WHAT IS REQUIRED: Make an exact copy of the whole listing, but leave its pictures out.

::: DATA SEGMENT :::

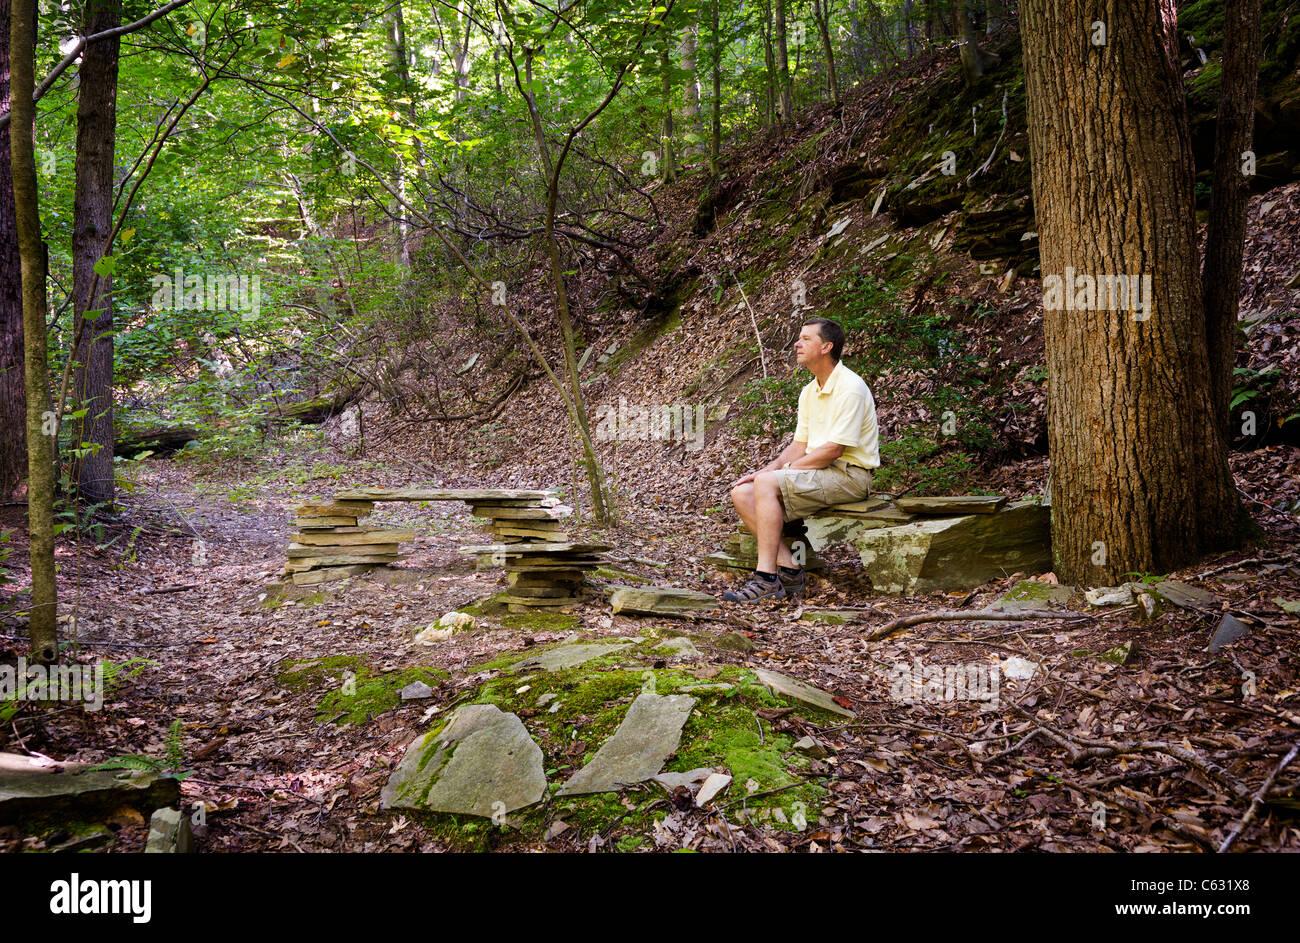 Randonneur à la retraite repose sur des bancs de pierre dans une clairière dans une forêt sur une randonnée Banque D'Images
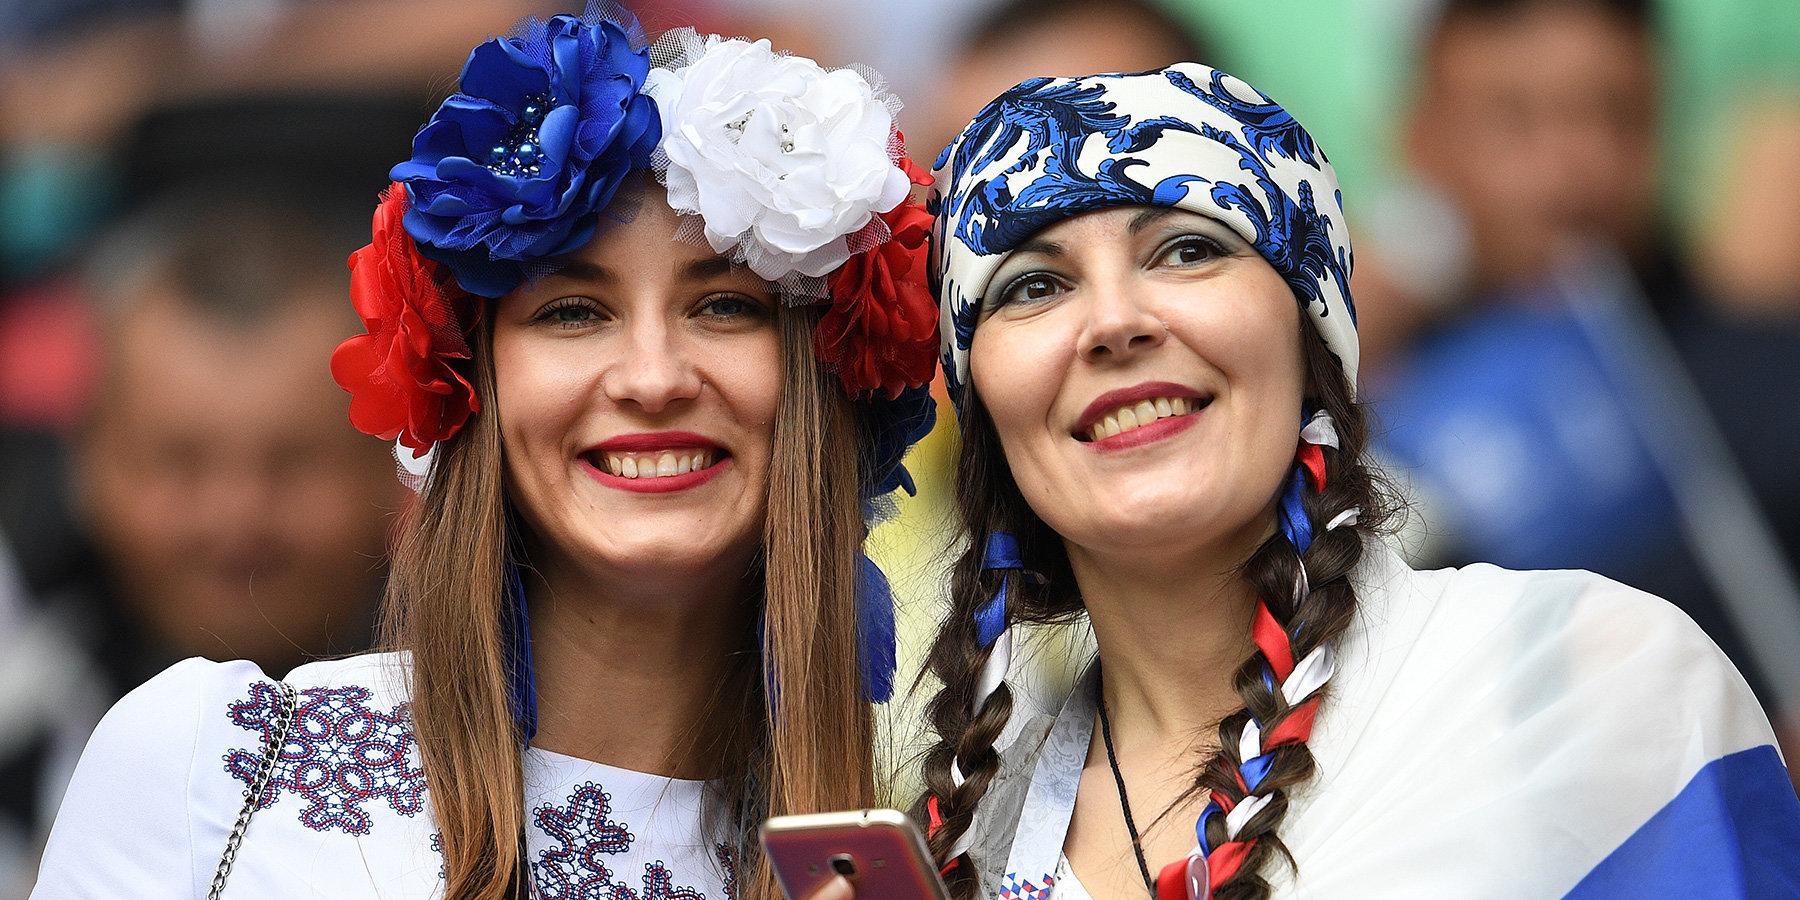 Аргентинцам перед ЧМ-2018 поведали, как соблазнить русских девушек
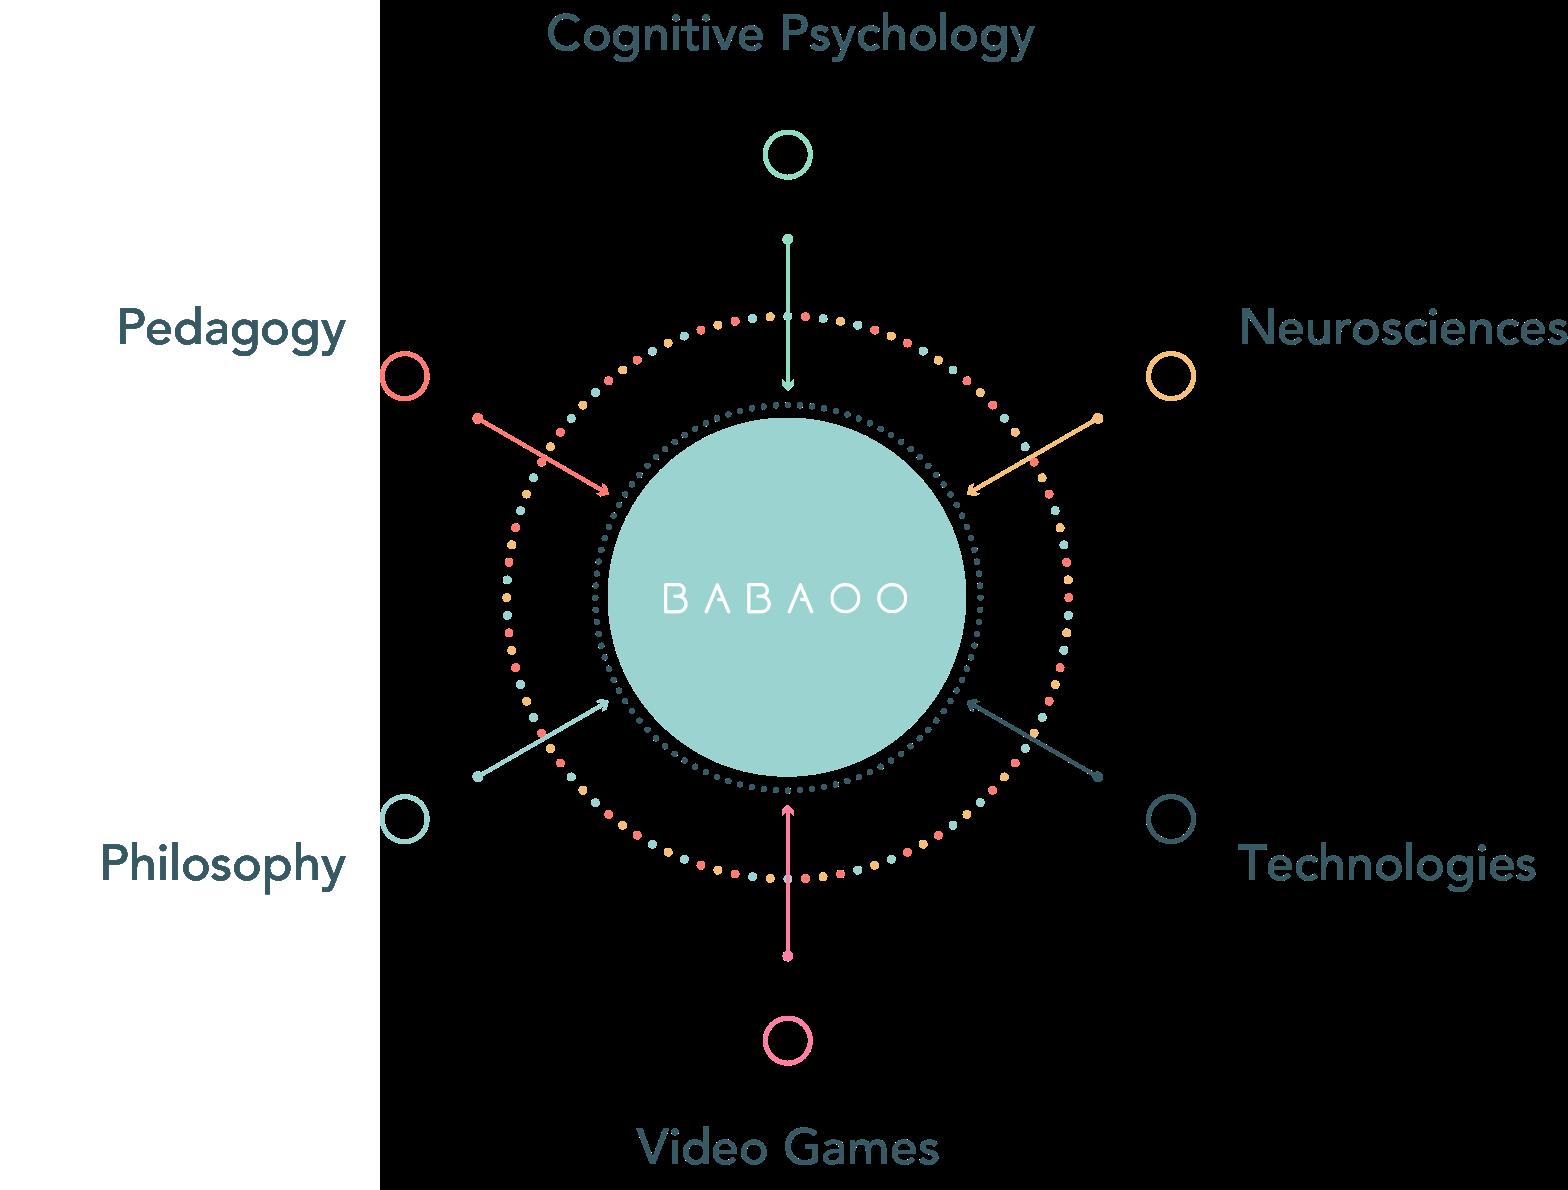 Psychologie cognitive, Neurosciences, Technologie, Jeux Vidéos, Philosophie, Pédagogie

:::

SOLVED PROBLEM:
 Randonneur à la retraite repose sur des bancs de pierre dans une clairière dans une forêt sur une randonnée Banque D'Images
 Аргентинцам перед ЧМ-2018 поведали, как соблазнить русских девушек
 Psychologie cognitive, Neurosciences, Technologie, Jeux Vidéos, Philosophie, Pédagogie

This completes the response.